Introduction

Under the EU Cyber Resilience Act (CRA), product classification drives the compliance path—including the depth of required evidence and whether conformity can be supplier-led or requires third-party involvement. This post explains why programmable logic controllers (PLCs) used in operational technology (OT) environments are generally not “Hardware Security Boxes” (HWSBs): the deciding factor is a product’s intended primary purpose, not the mere presence of cryptographic components. It then translates that classification logic into what PLC suppliers should prioritize for CRA readiness: mapping to the CRA essential cybersecurity requirements and maintaining an audit-ready risk assessment and evidence package.

Executive summary: PLCs are generally not “Hardware Security Boxes” under the CRA, but that does not make compliance trivial. Many PLC portfolios are more plausibly treated as Important products (Type I or Type II) depending on the specific product type and intended use. The leadership focus should be on demonstrable compliance: a clear classification rationale, an Annex I essential-requirements mapping, and a maintained cybersecurity risk assessment that drives secure development, vulnerability handling, and security update delivery.

Classification

Assessment requirements

Critical

Third-party assessment required

Important Type II

Third-party assessment required

Important Type I

Self-assessment to a harmonized standard

Default

Self-assessment

What Is a Hardware Security Box (HWSB) Under the CRA?

European standards bodies are still refining how Hardware Security Boxes (HWSBs) should be defined and evaluated. In practice, an HWSB is a high-assurance, tamper-resistant device built to protect sensitive cryptographic material (such as private keys) and to perform critical cryptographic operations inside a protected boundary.
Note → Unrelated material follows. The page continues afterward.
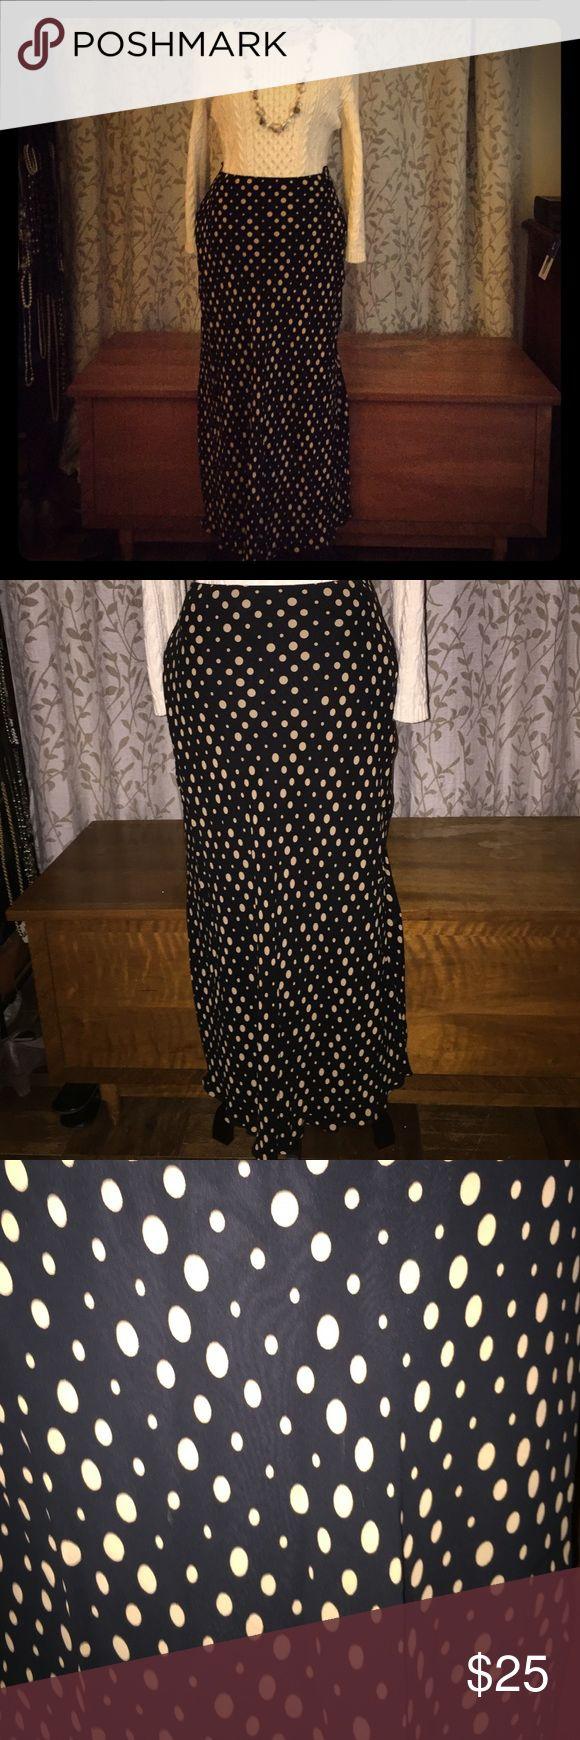 Marks & Spencer's, black and tan polkadot skirt. Fully lined midi skirt with elastic waistband. marks and spencer's Skirts Midi

HWSBs are listed in Annex IV of the CRA and are therefore classified as Critical—which typically triggers a third-party assessment compared to supplier-led self-assessment.

Source

Primary reference: CEN-CENELEC “CRA Standards Unlocked” webinar series, including the session “CRA Standards Unlocked: Cybersecurity Requirements for Hardware Devices with Security Boxes” (8 January 2026).

CENELEC is a major European standards body for electrotechnical products. For industrial automation, its work can influence harmonized standards and technical expectations used to demonstrate CRA conformity.
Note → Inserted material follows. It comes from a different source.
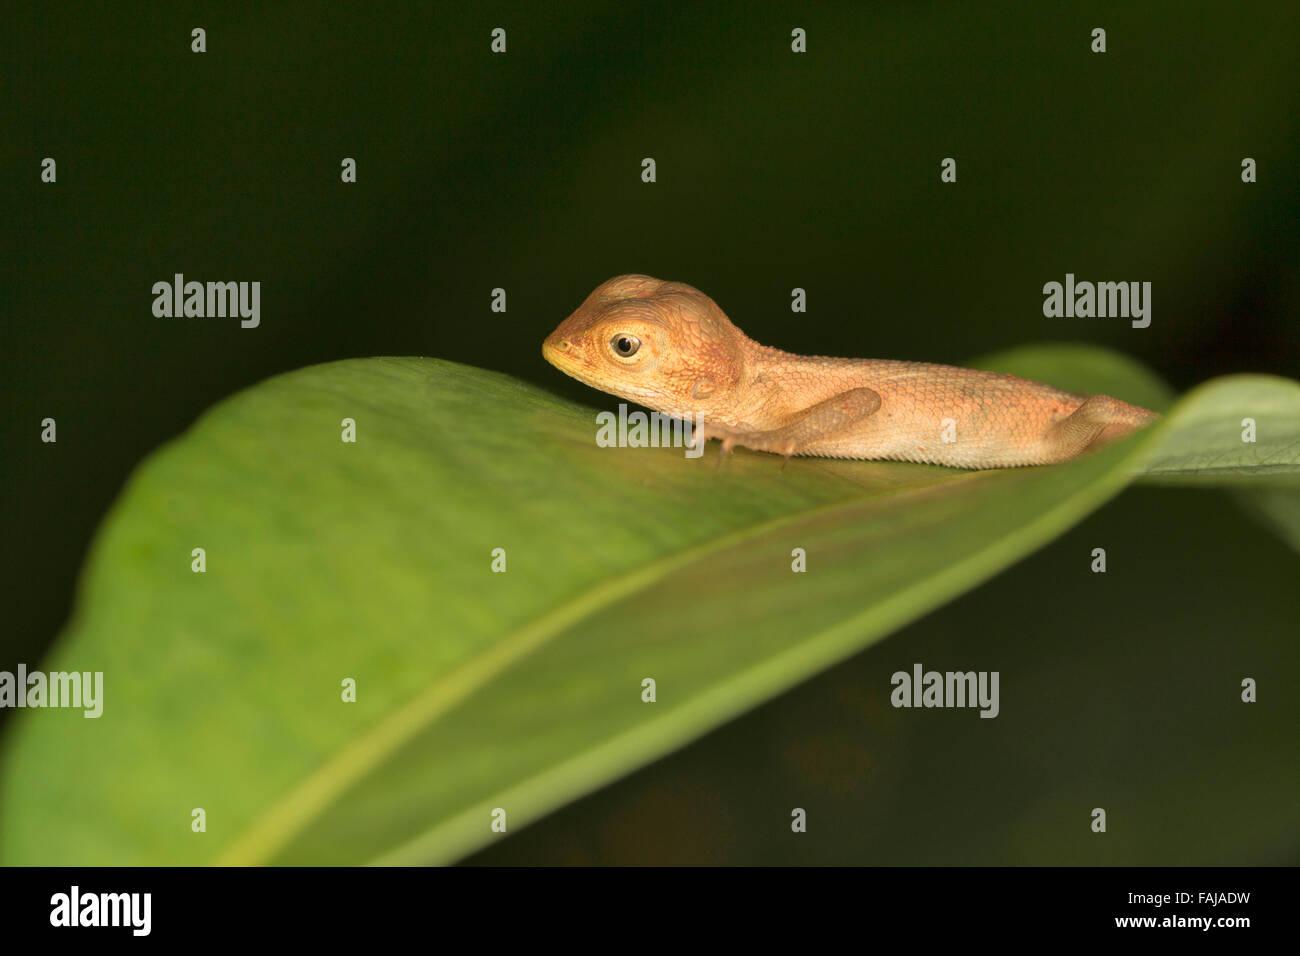 GEMEINEN Garten Eidechse, Calotes versicolor oder Blutsauger, Common, Aarey Milch Kolonie Indien Stockfoto

Why PLCs Are Not Hardware Security Boxes

Many modern PLCs include security capabilities (secure boot, cryptography, trusted storage, firmware integrity). That can create a legitimate classification question: are these devices becoming “security products,” or are they still primarily industrial control products with security features?

The core distinction is intent. A PLC’s primary purpose is to run control logic and operate industrial processes. An HWSB’s primary purpose is to act as a hardware-rooted trust anchor—protecting cryptographic keys and performing security-critical cryptographic operations inside a physically protected boundary. Under the CRA, that difference in intended primary purpose is a central input to classification.

A second, practical lens is context: many products with cryptography are still governed by their sector’s standards and intended use. The same logic applies to PLCs—typically keeping them in the OT/industrial domain rather than reclassifying them as dedicated hardware security devices.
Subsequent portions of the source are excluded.